In the output of the show_interfaces() command above, you see a list of origins, each one having its own list of interfaces it supports.
Origins Example
1
2
3
4
local.uslci.ecospold [basic, exchange, quantity]
local.uslci.ecospold.index.20240815 [background, basic, index]
local.uslci.olca [basic, exchange, quantity]
local.uslci.olca.index.20240815 [background, basic, index]
Here I have four different origins, each of which supports five interfaces (the basic interface is listed twice for each). By reading the origins, I can infer that:
- the data are stored locally
- the data describe the USLCI database
- the data are in (respectively) ecospold and OpenLCA format
It so happens that these resources are the ones configured by the unittest routine built into antelope-core. When antelope_core.data_sources.tests.test_aa_local.LocalCatalog is run as a test, it will configure these resources (and others) in a persistent location configured by the environment variable ANTELOPE_CATALOG_ROOT (which is /data/LCI/cat-demo by default and on my system). Specifically, it will download source data from a special link in my personal Dropbox account.
For testing consistency, these resources use versions of the USLCI repo that are out of date and originate from 2018, before NREL began to curate the database more carefully. The testing configuration handles all required allocation and flow property settings.
The download will only contain the raw data (a .ZIP of ecospold xml files in the ecospold case, a .ZIP of JSON files in the OpenLCA case). These files are the source of all documentary (basic), inventory (exchange) and flow property (quantity) data in the resource, and these are the interfaces they implement.

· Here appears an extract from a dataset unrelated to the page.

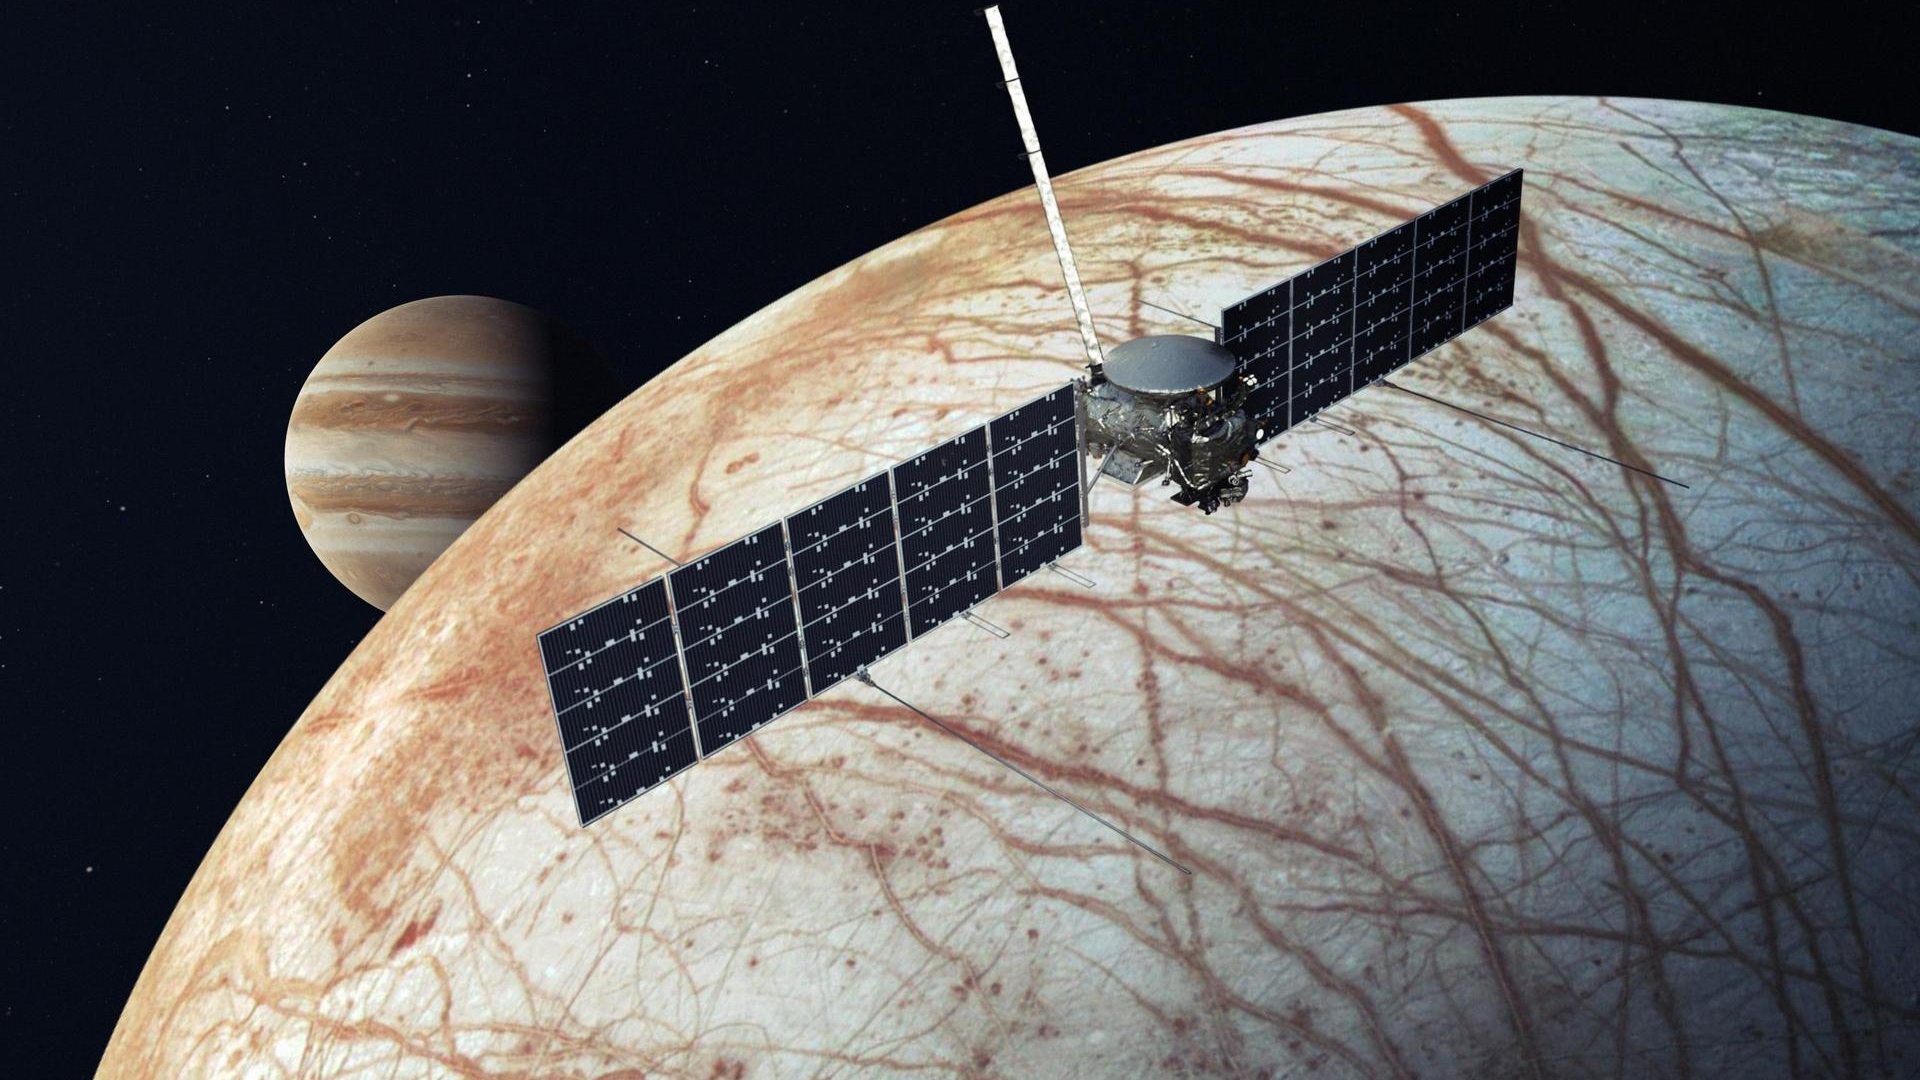 NASA selects SpaceX for mission to Jupiter moon Europa

The derived interfaces (index and background) can be created from the raw data by reading them into an index, and then performing a partial ordering via the Tarjan algorithm. This task is also performed by the test routine and creates new resources, namely the index and background archives. These resources can be accessed via a query.
Queries
A query is the way you ask the catalog for information. Queries are directed at an origin and link to specific interfaces. The list of things you can query is spelled out in the antelope interface specification.

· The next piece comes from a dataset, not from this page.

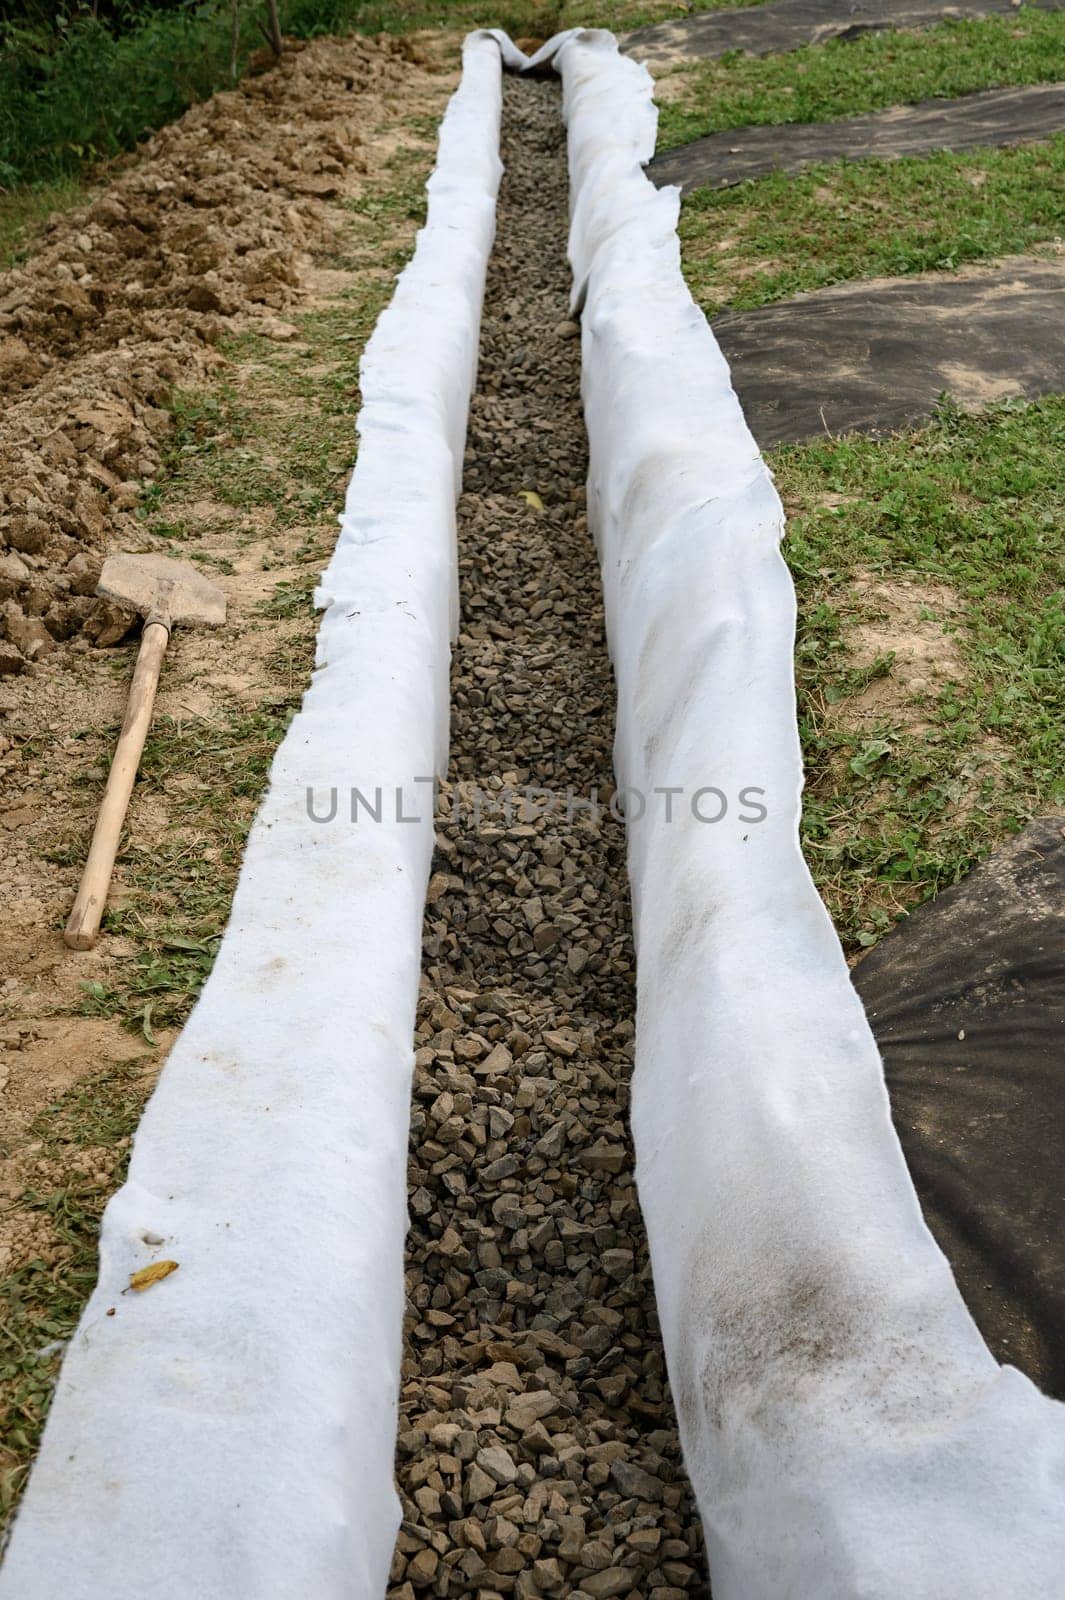 The drainage trench is covered with geotextile and filled with crushed stone to drain ground water from the site and adjacent territory

The way you use them is like this:
1
2
3
4
5
6
7
8
9
10
q_olca = cat.query('local.uslci.olca')
q_olca.count('process') # a count query in the index interface
'''
767
'''
softwoods = list(q_olca.flows(name='softwood')) # a search query in the index interface
len(softwoods)
'''
96
'''
The abstract query implements a stub for every method in the interface, directing it to a _perform_query method that must be filled out by an implementation. This implementation, a CatalogQuery is responsible for producing an implementation for whatever interface can answer the query.

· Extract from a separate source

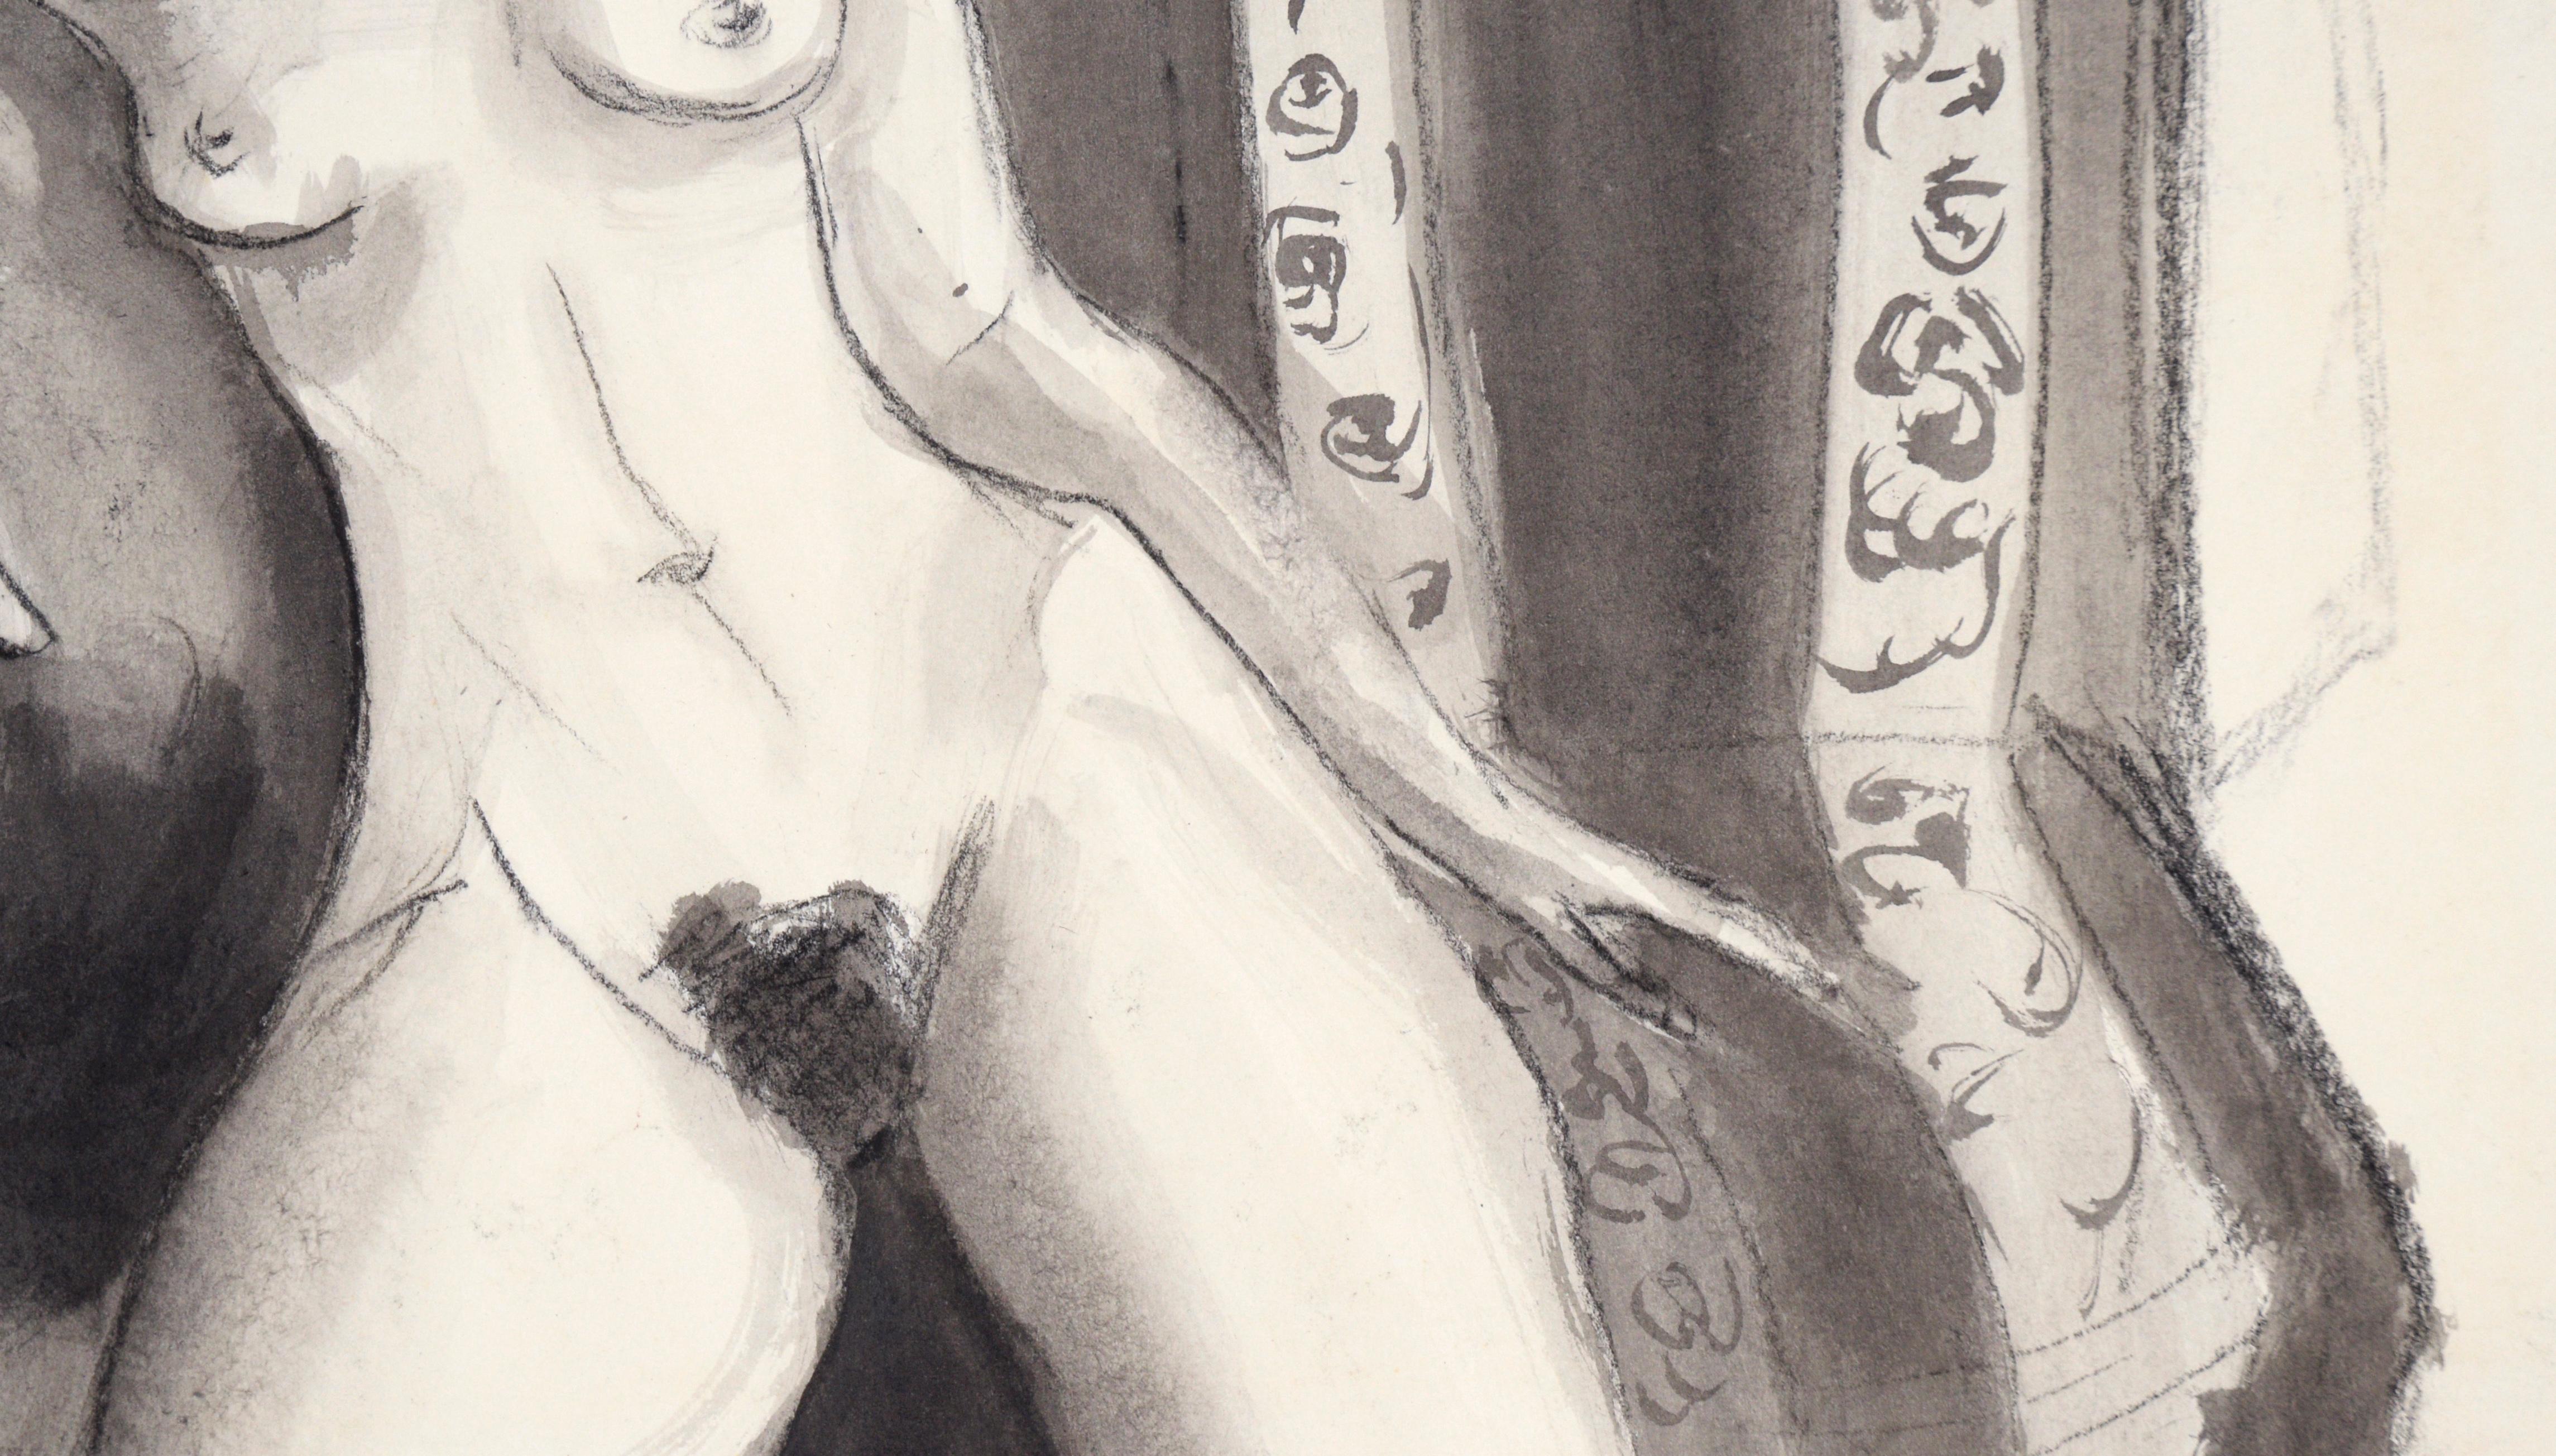 Nude Woman on Striped Chair #1 in Charcoal and Gouache on Paper For Sale 1

If we re-run the queries with debugging turned on:
1
2
3
4
5
6
7
8
q_olca.on_debug()
q_olca.count('process')
'''
CatalogQuery Performing count query, origin local.uslci.olca, iface index
CatalogQuery yielding IndexImplementation for local.uslci.olca.index.20240815 (/data/LCI/cat-demo/index/ef42cf8f53552305a9d267d00e965d22fe6a185b.json.gz)
CatalogQuery Attempting count query on iface IndexImplementation for local.uslci.olca.index.20240815 (/data/LCI/cat-demo/index/ef42cf8f53552305a9d267d00e965d22fe6a185b.json.gz)
767
'''
Notice that the query has found an implemention that is more specific than the request (the origin that was requested was local.uslci.olca but the resource that answered it was local.uslci.olca.index.20240815). This is a feature of the core implementation. In fact, a single origin can have many resources associated with it; these are ordered by a priority setting.
Sum up
In this guide we learned about how the Antelope catalog organizes data resources, and how a user can use the catalog to produce query objects that can answer questions.
In the next chapter, we will see how we can use these resources to conduct LCA.